I am very pro-QDM, but I am not confident an AR would allow many bucks to reach 3 1/2 anyway. I am very worried merely passing an AR will result in more negatives than positives.


----------



## Penny (Jun 20, 2008)

Is there a link with the exact wording as how this became law? I saw a few different versions along the way so I'm still a bit confused. I just got back into hunting last year because of my boys and one turns 14 this year. He licensed for his first time last year. I have the 3 years previous exp. to take him that is required but may not be able to prove it since my old licenses were long before the computer age. So can he or can't he license for big game this year? 

Also much as I supported this bill and I may be wrong since I had no need to look at youth archery before but didn't this bill sentence youth archers to blind hunting until they reach 16? Does this mean when my youngest comes of age I too have to be on the ground with him? 

Last but not least, assuming I can take my son out hunting this year what is recommended for a gun. As of now we only own a couple of .22's. I grew up shot gun hunting and they are nice if the family wants to shoot trap or turkey on the other hand a nice riffle would be nice. If you could only buy one what would you buy?


----------



## ///36m (Jul 6, 2005)

I would call up the DEC and as them your specific questions.

Shotguns are still mandatory in many parts of the southern tier, so it is the all-around option for NY. If I could only purchase one gun for NYS deer hunting it would be a shotgun with a rifled bore.



Penny said:


> Is there a link with the exact wording as how this became law? I saw a few different versions along the way so I'm still a bit confused. I just got back into hunting last year because of my boys and one turns 14 this year. He licensed for his first time last year. I have the 3 years previous exp. to take him that is required but may not be able to prove it since my old licenses were long before the computer age. So can he or can't he license for big game this year?
> 
> Also much as I supported this bill and I may be wrong since I had no need to look at youth archery before but didn't this bill sentence youth archers to blind hunting until they reach 16? Does this mean when my youngest comes of age I too have to be on the ground with him?
> 
> Last but not least, assuming I can take my son out hunting this year what is recommended for a gun. As of now we only own a couple of .22's. I grew up shot gun hunting and they are nice if the family wants to shoot trap or turkey on the other hand a nice riffle would be nice.
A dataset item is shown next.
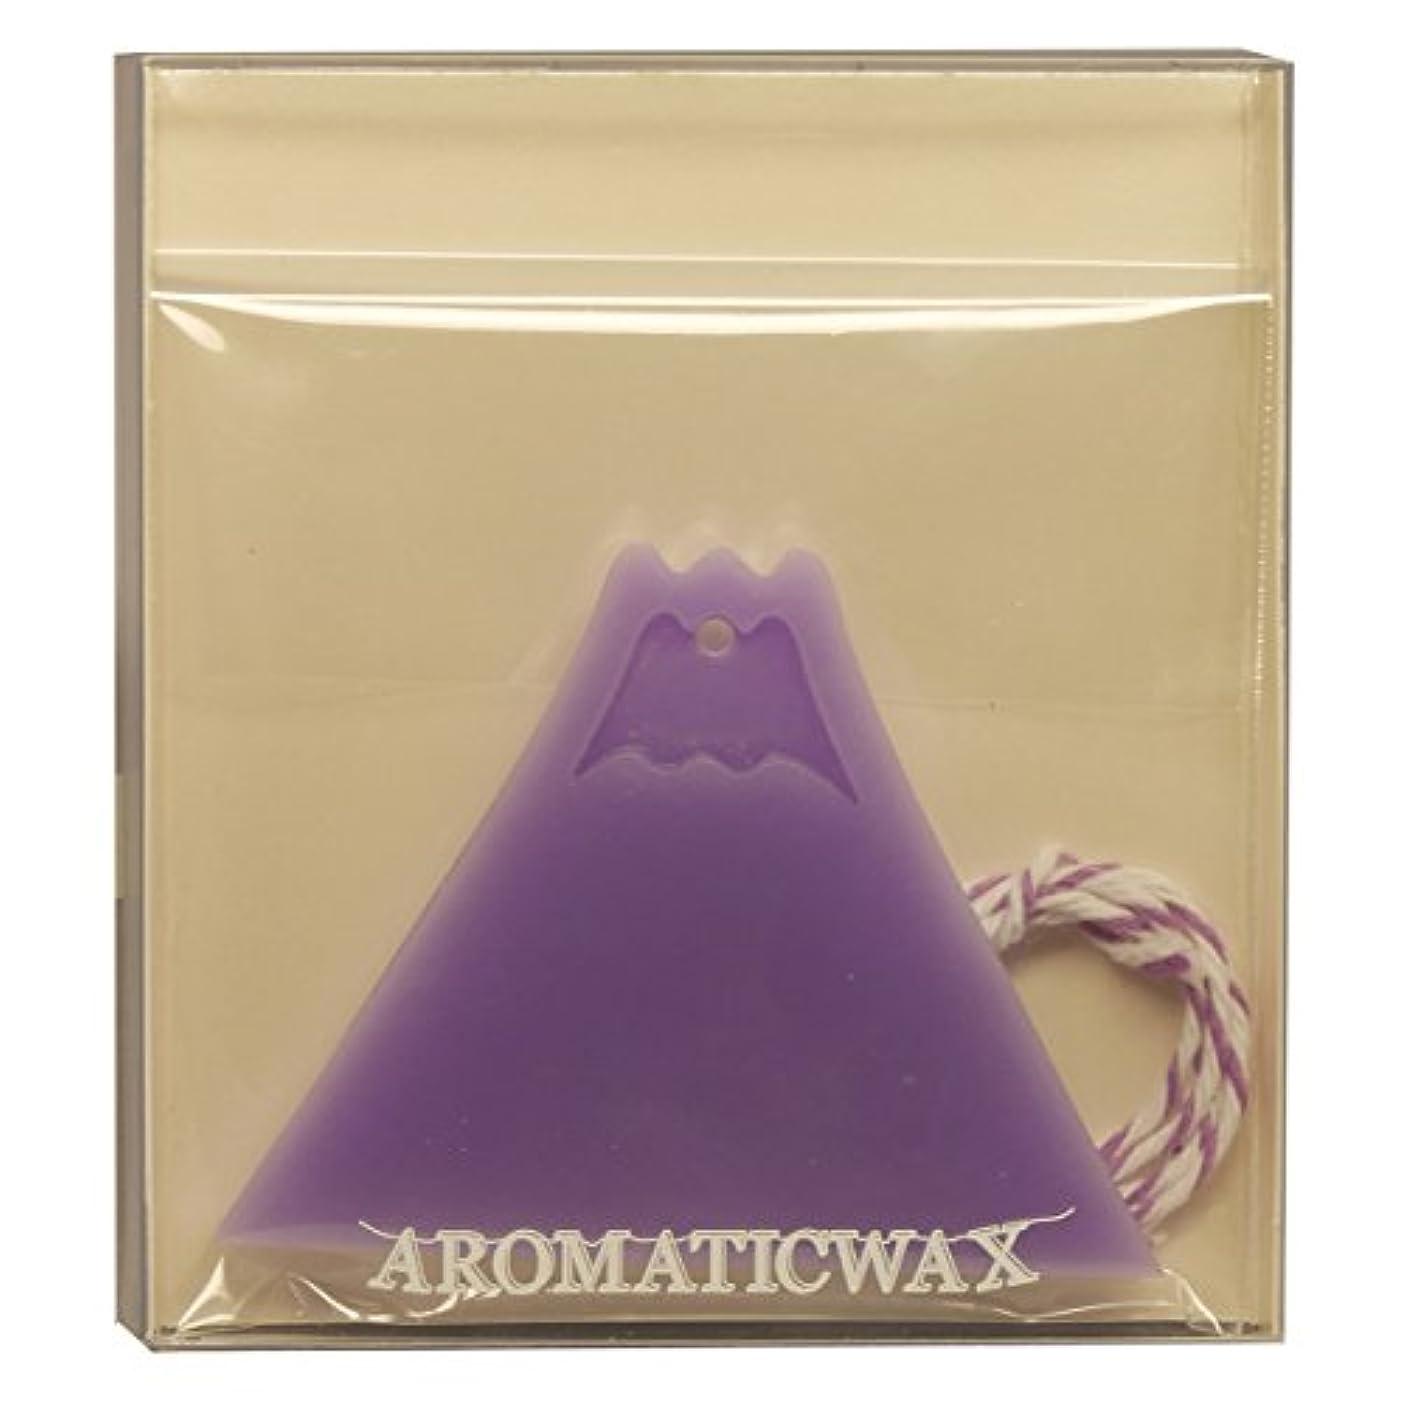 寛大な現金花輪GRASSE TOKYO AROMATICWAXチャーム「富士山」(PU) ラベンダー アロマティックワックス グラーストウキョウ

If you could only buy one what would you buy?


----------



## alwayslookin (May 28, 2003)

*I am as pro QDM as anyone*

But I think it is a personal choice.....and not for everyone.

It is for people who are serious about their hunting/management......not a guy who gets a couple of days to hunt per year........those types of hunters are a less significant drain on the resource.

MANDATORY checks/reporting that is more reliably enforced.
A one buck limit.
A 9 day gun season from the Sat preceding Thanksgiving to the Sun. after.

These are the things that would make the biggest difference.

As for the thread (sorry to hijack)........GREAT NEWS........now we work on 12 for bowhunting.


----------



## eurocentric (Aug 4, 2008)

This is good news, I am glad I sent those letters and made calls to our elected officials. I have two sons (3 and 5) that already accompany me on hunts.


----------